And no more of the "Well your idea is okay BUT I disagree so your opinion is useless". Especially with "but". My father has a saying, "When you say 'but' it's only so that you can ignore what the other person just said and do what you already wanted to." Example in case you don't understand that analogy "That's nice but..." The but completely negates the aforesaid. In this manner you keep negating all the advice you are given.




Harkovast said:


> You make valid points.
> As I say, I don't necessarily agree with them all, *but* I don't want to leap in to argue against you


And yet you do argue. On every single piece of advice over two pages. And when your excuses and placations don't work you try to get us to read the review in the hopes that we'll forget reading your comic and just agree with the review and feed you nicey-nicey.



Harkovast said:


> I don't want to seem dismissive, as your  opinion is reasonable, but I actually kinda like the text with white  glow behind it. I think it looks interesting.
> So I cant really  accommodate your suggestion because I just don't agree (since it is  really just a subjective disagreement about what we like the look of,  without an objective right or wrong answer.)

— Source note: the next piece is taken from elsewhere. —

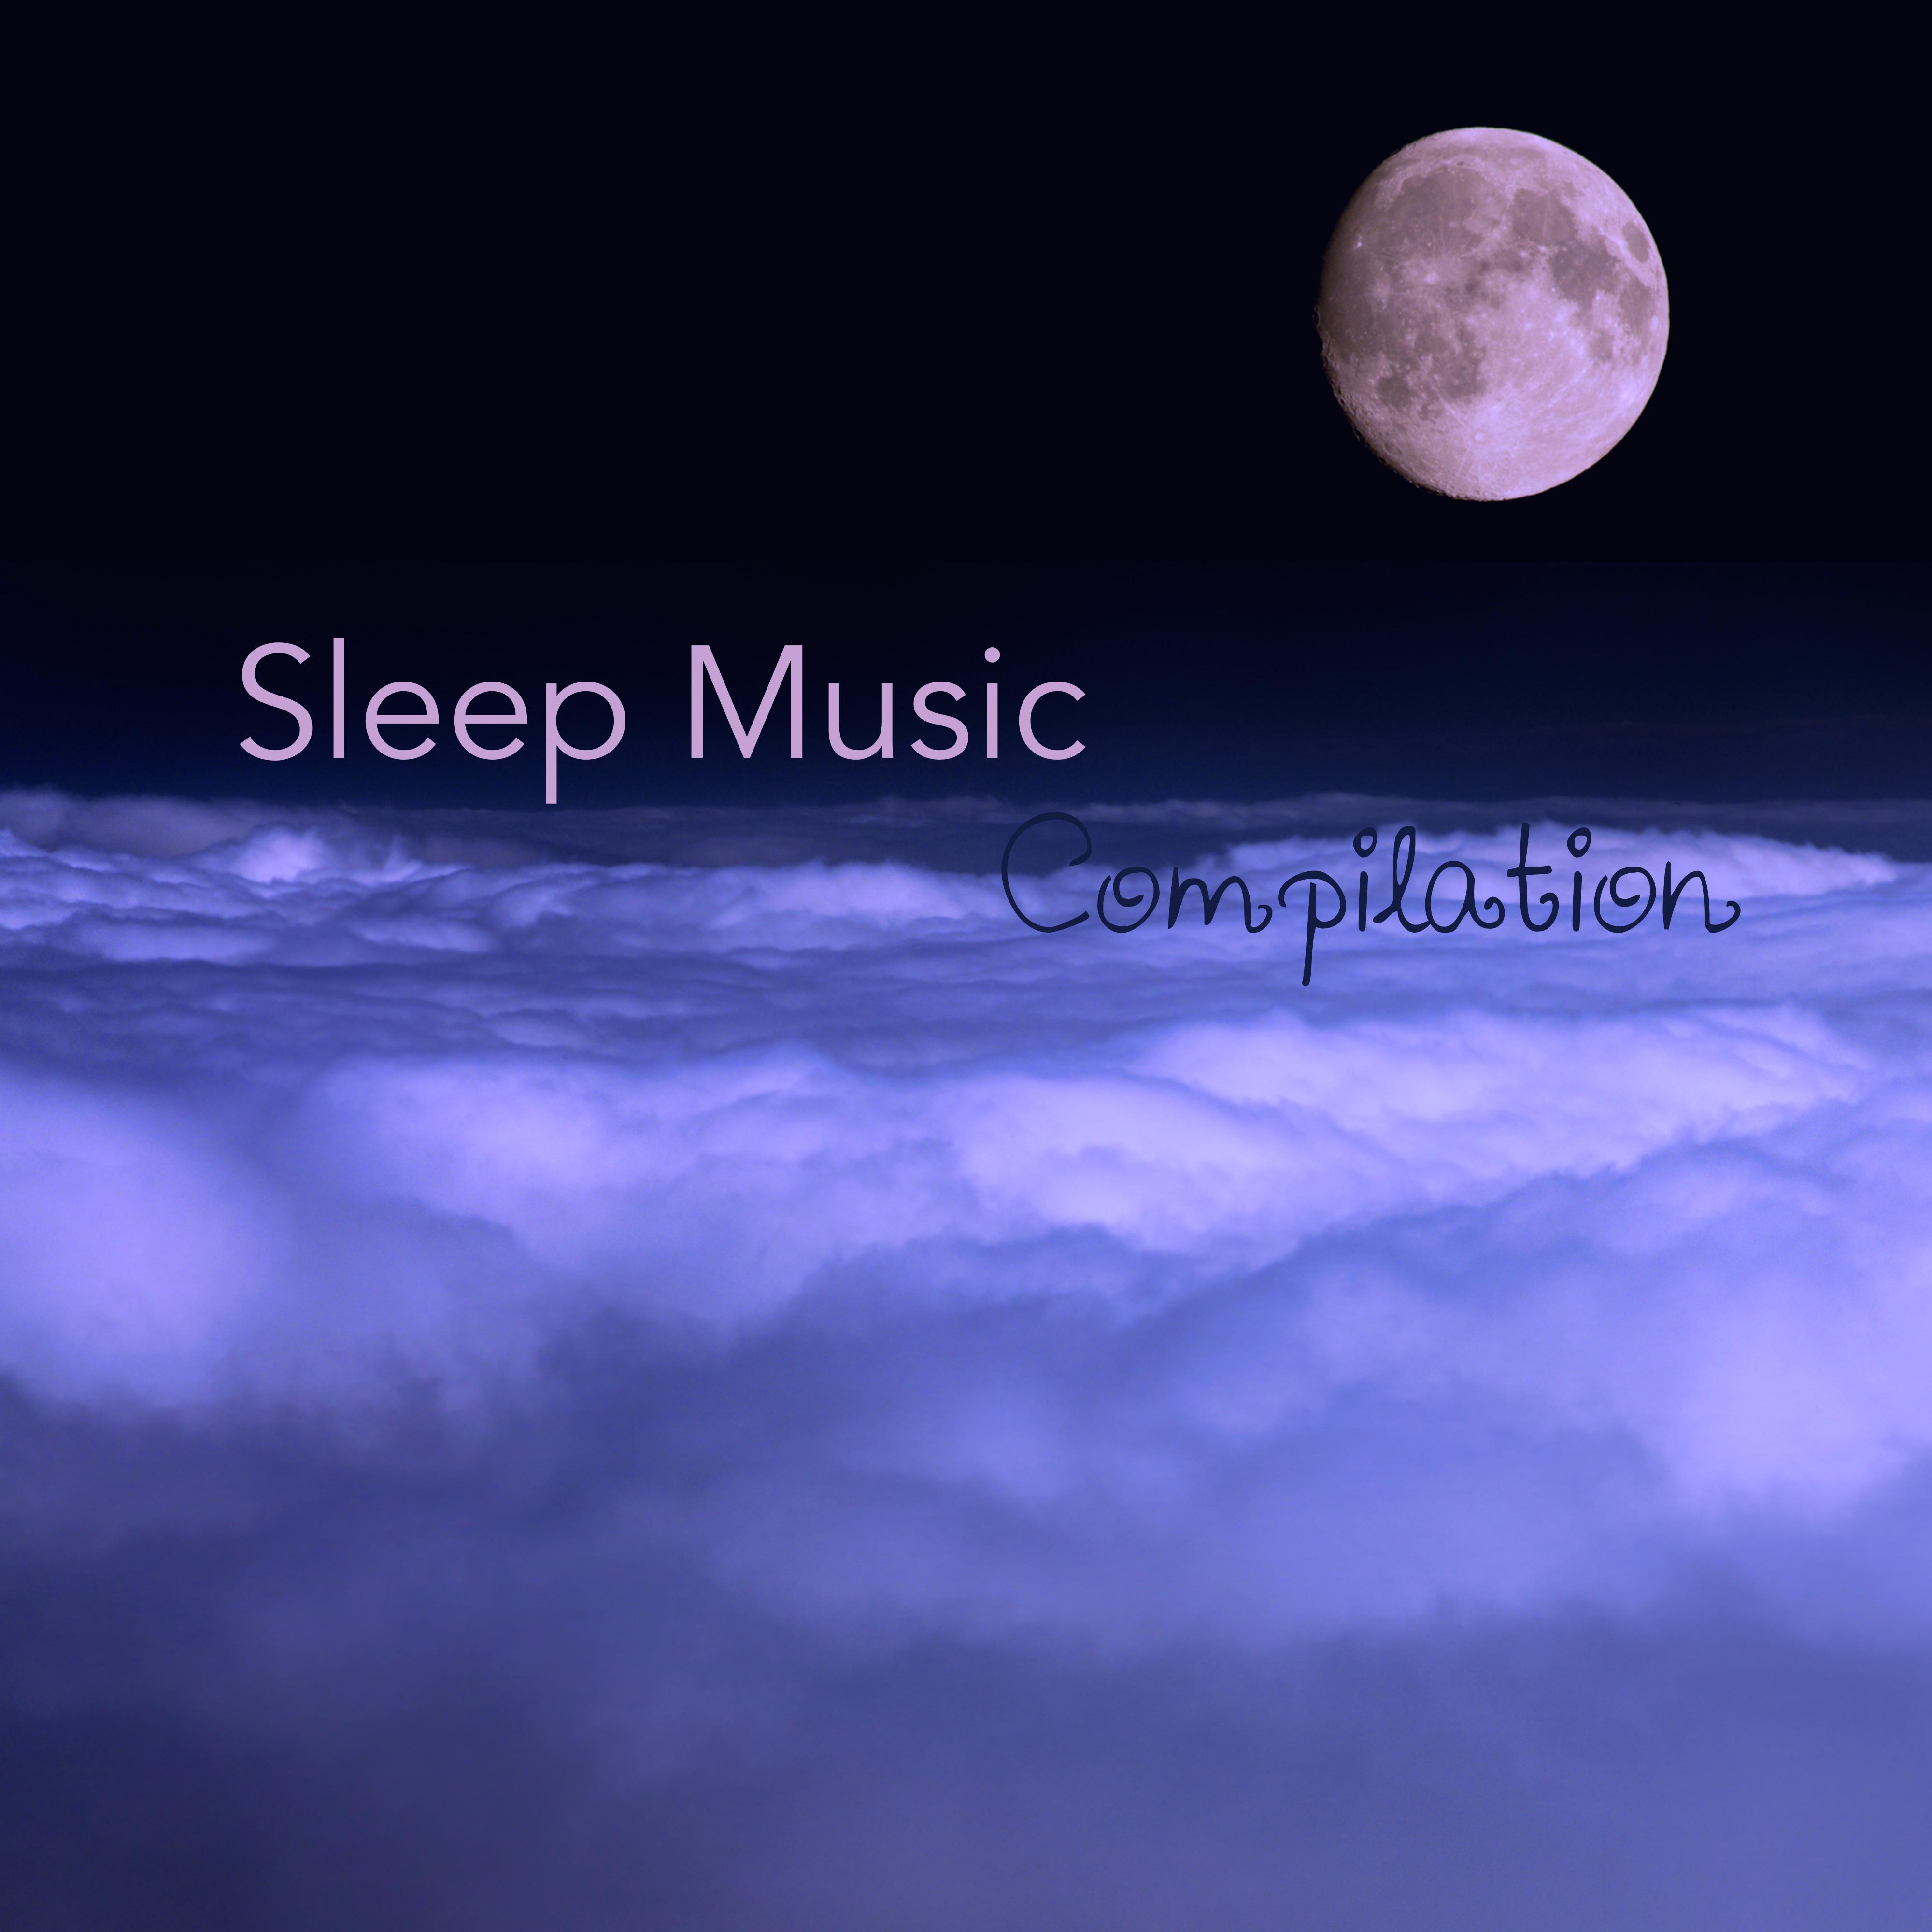 Sleeping Music Compilation

But you are dismissive. See why I am annoyed? _Your opinion is okay and all but I like the sloppy lazy look that appears to be slapped on in MS Paint._



Harkovast said:


> I have to disagree on some of your points,  however. the charge that you cant tell what is going on... I cant really  see where you are coming from. Perhaps I am too familiar with the way  it looks, but I don't see anything unclear about what is  happening.


When someone says it's unclear, look back on your work with a critical eye. Look for the errors so that you do not repeat them. Don't seek out 20 people to tell you the same flaw in your comic before you fix it. There will not be 20 people who will take the time to do this. If one person comes forward, listen to them, for there is 20 other like minded people who agree, but don't care enough about you or your comics improvement to voice the flaw. Simply asking for more people to agree before taking action is a fallacy of apealing to the majority. And you'll never get the feedback on a web comic of this caliber to get a majority.



Harkovast said:


> Haha, I think I just remembered why I stop  posting fairly quickly last time around. Everyone hated absolutely  everything I'd done, so I wandered off.
> I will try and weather the storm better this time around.
> Maybe I will earn respect for my perseverance, if nothing else.


Boo hoo. This one makes me mad too. I get it. You're sensitive. You want to defend the comic that you've invested so much care, effort, and thought into. We all want to protect what we make. But it's better to listen to other people who want to help you. If you were building a house and someone told you the foundation was horribly unlevel you wouldn't tell them that they're just "storming" and "hate" and continue to build a house on an unstable foundation. You'd listen, fix the problem, and in the end have a better house for all the effort.



Harkovast said:


> Now I imagine something along the lines of-
> "Well, I guess I don't think you are a total douche bag 100 percent of the time...occasionally I don't completely hate you."
> I'm kind of proud that you have such a strong reaction to the comic, even though its a negative one.
> I like the idea that I can cause active revulsion. As I said to Smelge, its better than inspiring in difference.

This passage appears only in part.